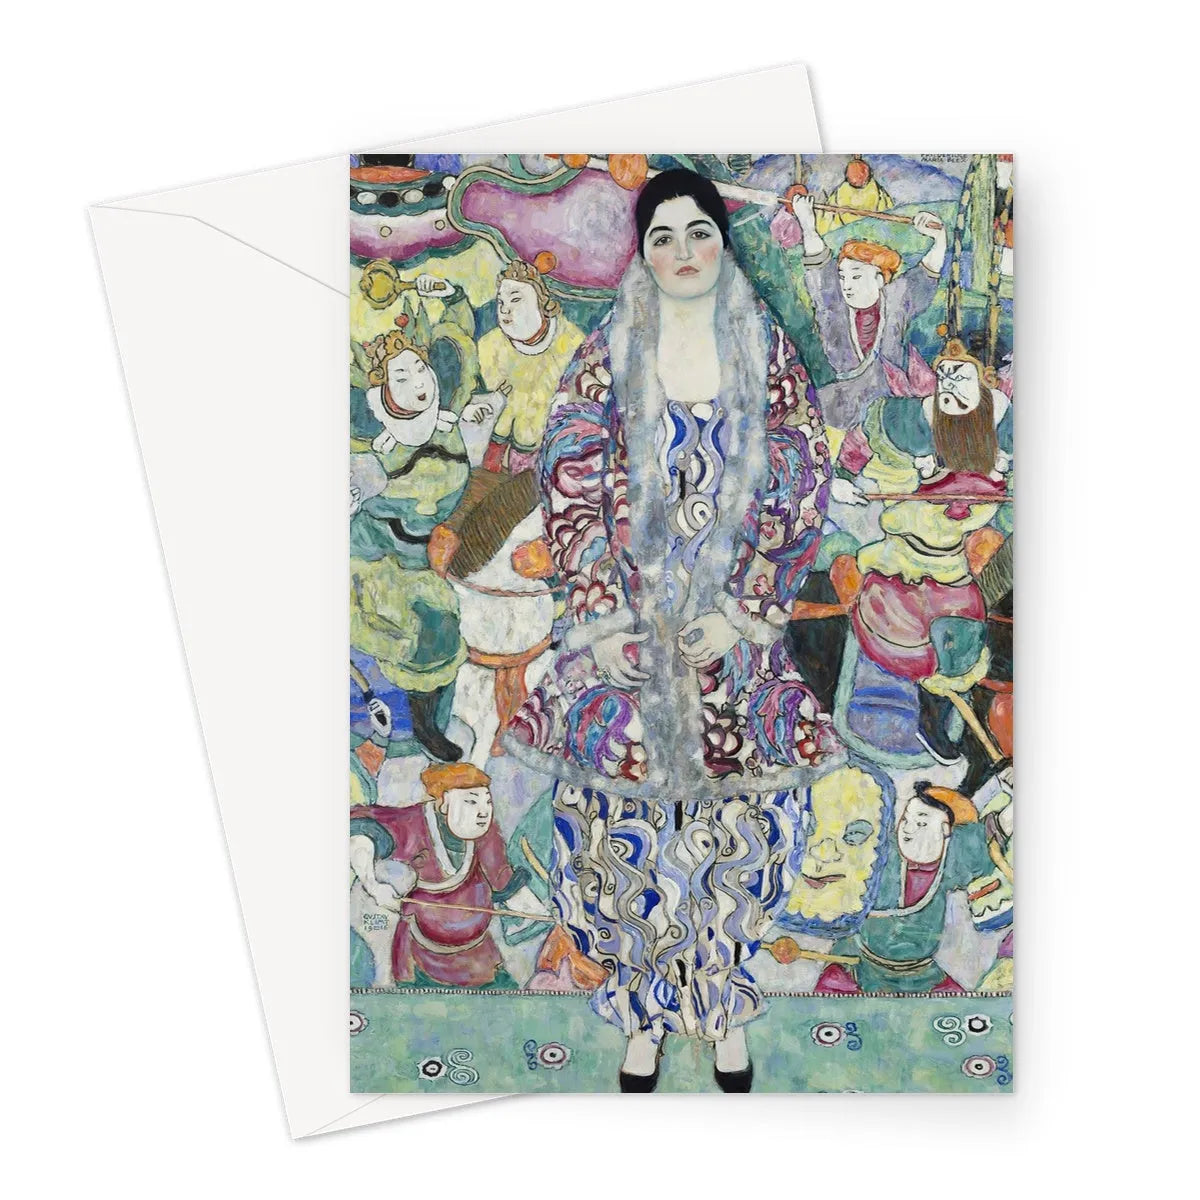 Friederike Maria Beer By Gustav Klimt Greeting Card - A5 Portrait / 10 Cards - Greeting & Note Cards - Aesthetic Art
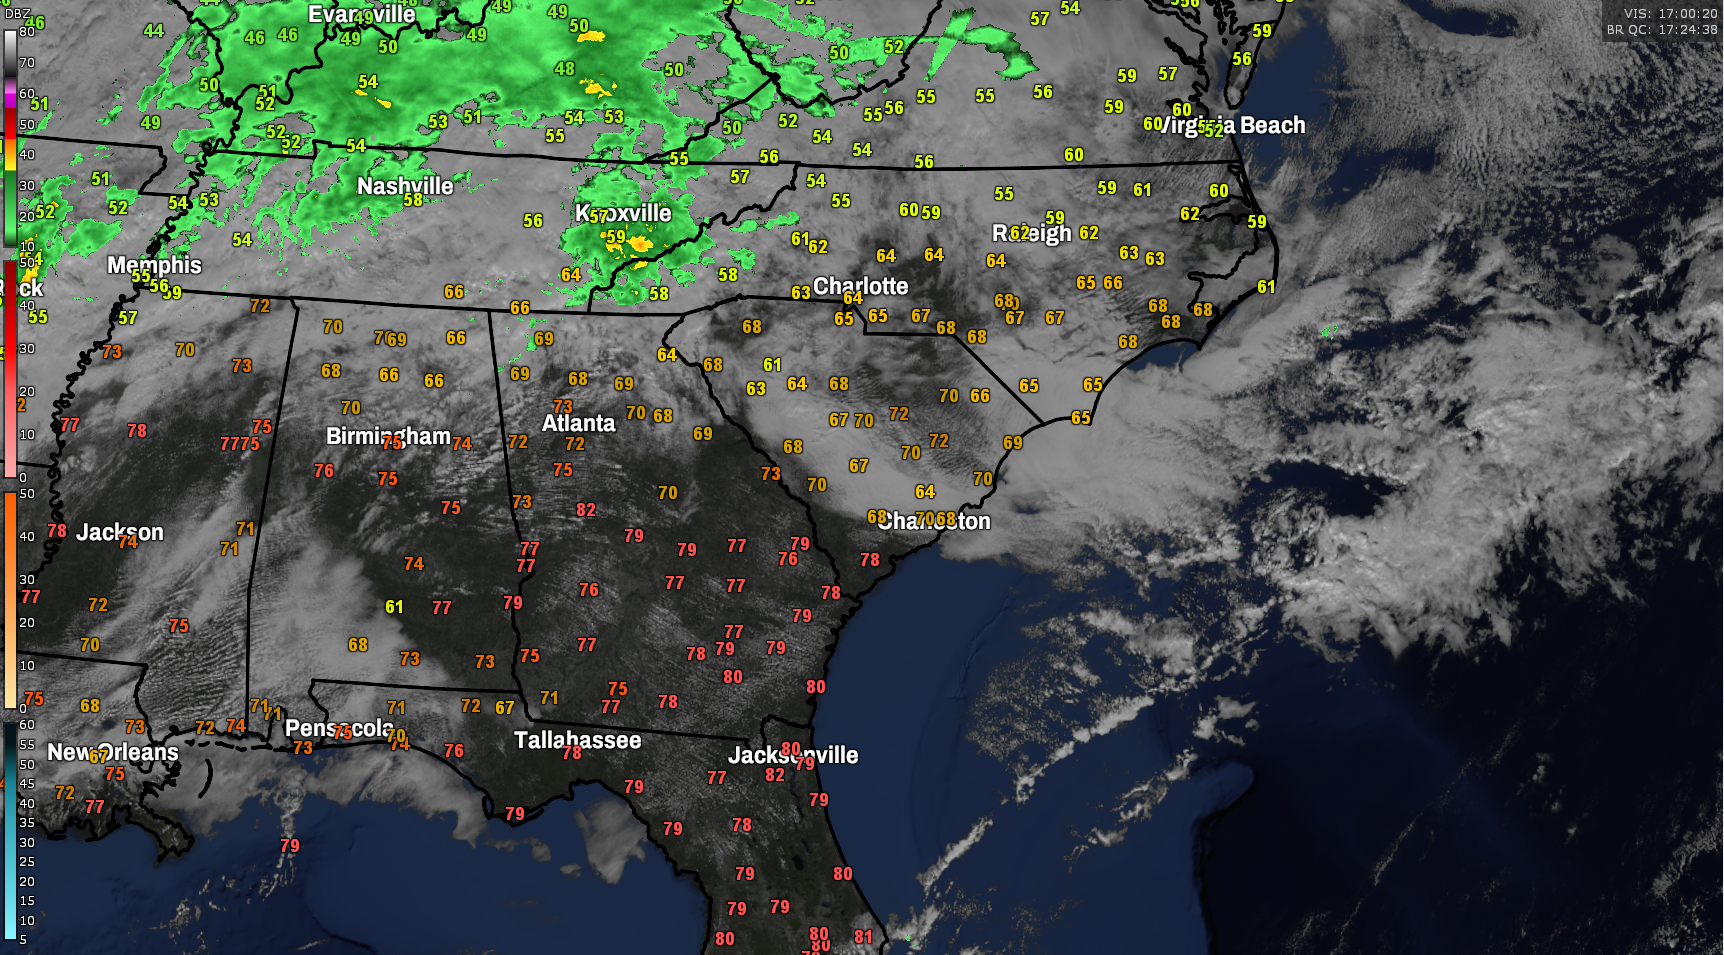 Satellite/radar composite across the Southeast showing cloud cover over the Charleston metro area with rain to the north.
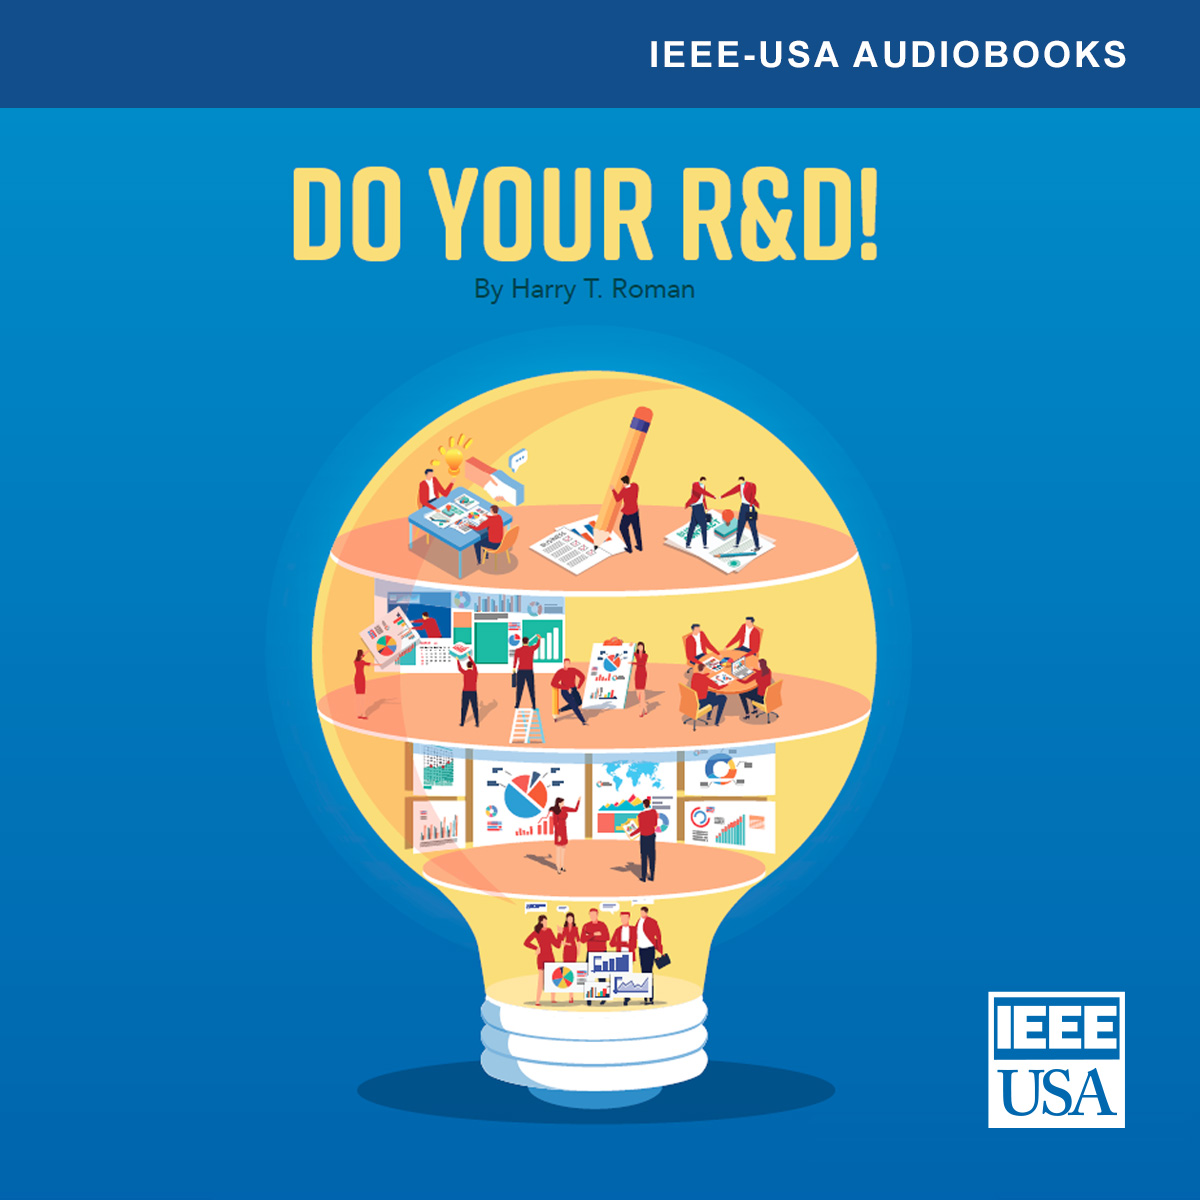 Audiobook: Do Your R&D!

- TASK ITEM
Your answer must be an exact copy of the listing, with every picture omitted.

- RESULT
 Friederike Maria Beer By Gustav Klimt Greeting Card - A5 Portrait / 10 Cards - Greeting & Note Cards - Aesthetic Art
 Satellite/radar composite across the Southeast showing cloud cover over the Charleston metro area with rain to the north.
 Audiobook: Do Your R&D!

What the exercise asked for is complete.